Comentário de Mercado

SOJA – CBOT abre a semana operando no campo negativo, com perdas entre 8 e 10 cents, a U$ 15,18/julho, neste momento, manhã de segunda-feira. Os preços seguem perdendo força, em linha com a pressão vivida na semana passada, quando houve recuo próximo de 4%, e se mantêm postados nas boas condições climáticas que vigoram em todas as principais regiões produtoras dos EUA.
– Logo mais, no fim da tarde, o USDA irá divulgar uma nova atualização sobre o percentual já semeado e germinado, devendo, novamente, trazer índices surpreendentes pela velocidade e qualidade dos trabalhos de campo. Na última segunda-feira, 61% das áreas estavam semeadas, ante 37% de média histórica.
– O término do plantio e, sobretudo, a evolução da nova safra norte-americana é o tópico que irá catalisar as atenções do mercado nas próximas semanas e meses. Com uma produção estimada em 119,9MT e estoques finais projetados em apenas 3,8MT, o comportamento climático será decisivo para aliviar ou agravar as tensões que concorrem para a formação do preço.
– Com a persistente queda na bolsa norte-americana, os prêmios nos portos brasileiros reagiram, mas para os carregamentos mais próximos ainda são cotados no vermelho. No mercado spot, as indicações ficam entre 35 e 15 cents negativos; para julho, entre 15 negativos e ao par e para agosto, entre 55 e 65 sobre a CBOT.
– O mercado doméstico, as indicações de compra recuaram nos últimos dias, com base na queda em Chicago e nos prêmios. O câmbio apresentou alguma recuperação, mas insuficiente para compensar as seguidas perdas dos preços internacionais. No mercado pronto, as indicações de compra, no oeste do Paraná, estão na faixa entre R$ 167,00/168,50 por saca. Em Paranaguá, interesse entre R$ 175,00/176,50 – dependendo dos prazos de entrega e pagamento e, no interior, também do local de embarque.

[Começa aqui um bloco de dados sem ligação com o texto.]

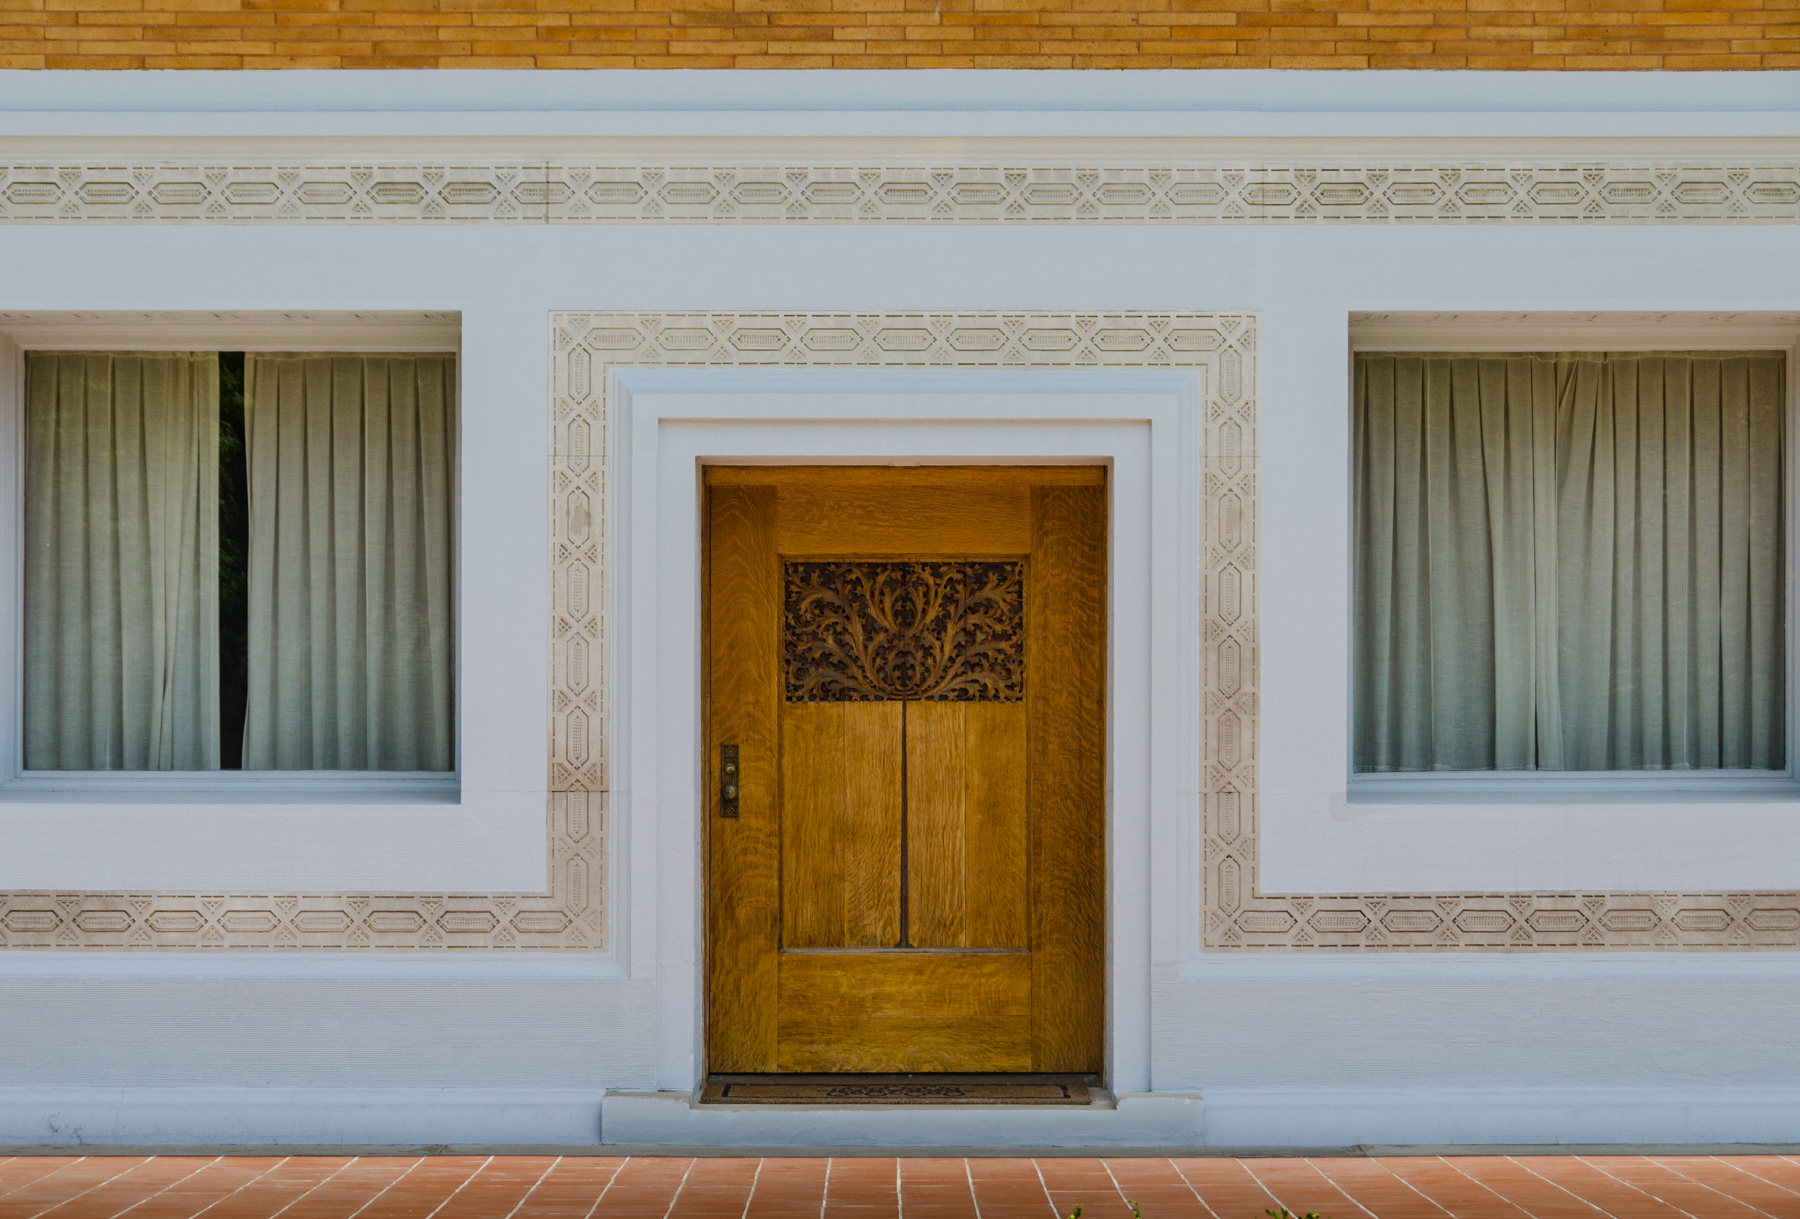 How Louis Sullivan S Organic Architecture Inspired Frank
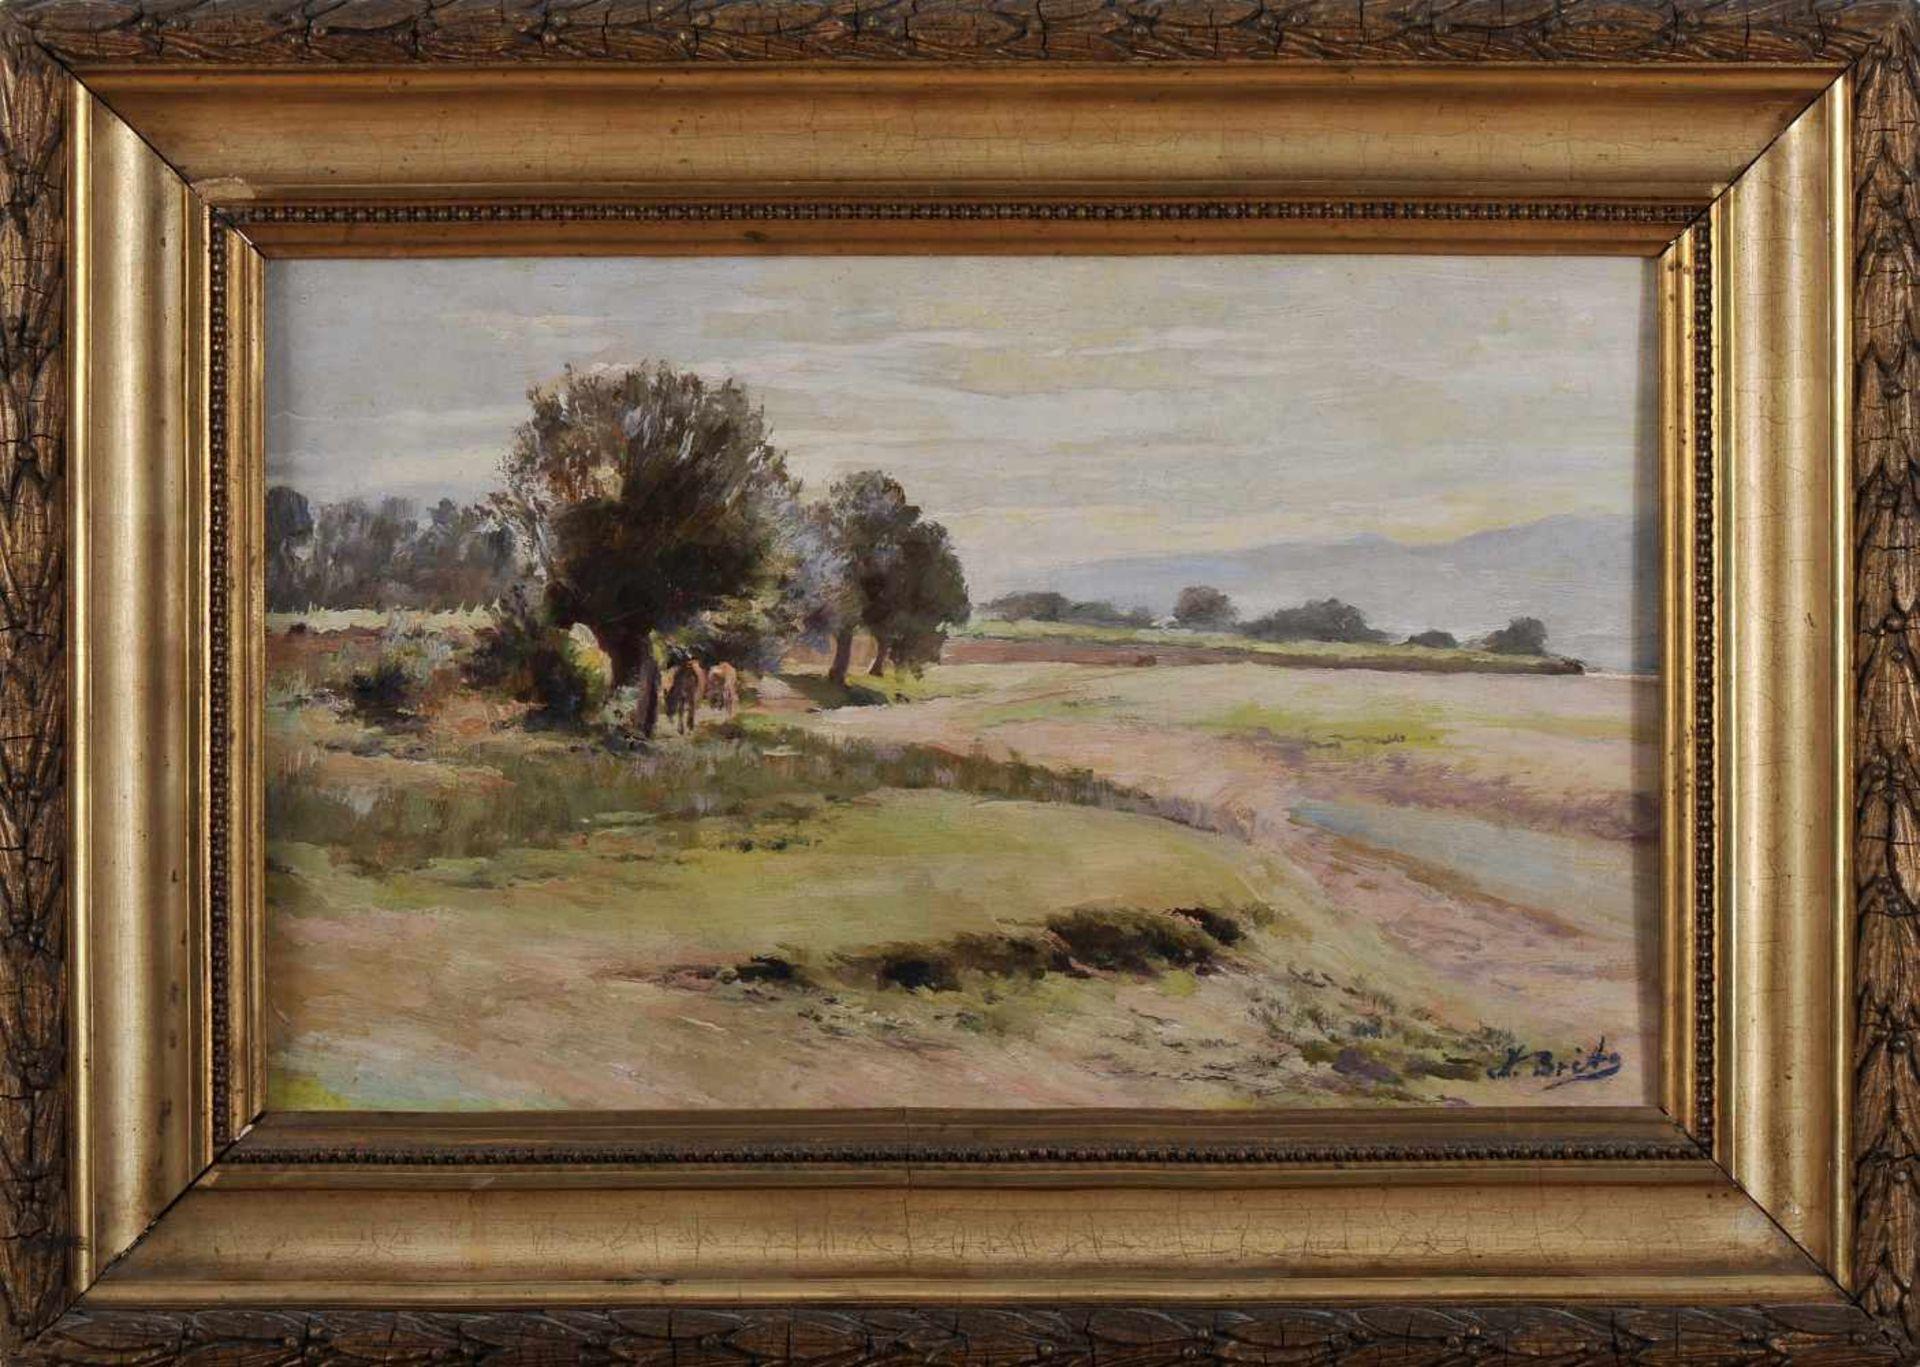 Los 94 - Landscape with animalsJOSÉ DE BRITO - 1855-1946, Landscape with animals, oil on wood, small...

MILHO – CBOT opera em queda de 9 a 10 pontos, a U$ 6,50/julho, neste momento, manhã de segunda-feira. Na sexta, fechou com 5 pontos negativos. Mercado segue enfraquecido em razão da melhora do clima nos campos de cultivo dos EUA. Nem mesmo os bons volumes adquiridos pela China nas últimas semanas, estimados em cerca de 10,0MT, conseguiram promover suporte para os preços.
– As atenções estão voltadas para o término do plantio e desenvolvimento das lavouras norte-americanas. Por lá, as condições climáticas têm melhorado muito nos últimos dias, com chuvas generalizadas e aumento das temperaturas. Enquanto isto, no Brasil, o clima também merece atenção; as irregularidades se mostram acentuadas, variando de estiagem à possibilidade de geadas nas áreas de milho safrinha.
– O presidente da Argentina sinalizou com uma provável paralisação nas exportações do país devido ao aumento de casos de Covid; porém, nada está decidido. Na terça passada, os trabalhadores do porto de Rosário fizeram paralização de dois dias reivindicando mais vacinas.
– No mercado interno, depois de recordes historicamente altos, atingidos na virada de abril para maio, os preços vêm cedendo. A perspectiva de chegada da nova safra (apesar da quebra acentuada por estiagem), combinada com operações de wash out (produto que seria exportado e agora fica no mercado interno) e alguns volumes importados do Paraguai e da Argentina culminaram com aumento da disponibilidade doméstica. Além disso, existe certo aumento da oferta de produto disponível; muitos produtores aceleram as vendas para abertura de espaço nos armazéns. Por outro lado, muitas integrações passaram a indicar compras somente para meses mais adiante, contando com a efetiva entrada de produto novo.
Interesse de compra, no oeste do Paraná, na faixa de R$ 92,00/94,00 por saca, dependendo de localização e prazo; em Paranaguá, indicações na faixa de R$ 85,00/87,00 por saca.

CÂMBIO – Dólar opera em baixa neste momento, cotado em R$5,33. Na sexta-feira, fechou em forte alta, de 1,5%, a R$ 5,354 (Granoeste – Camilo / Stephan).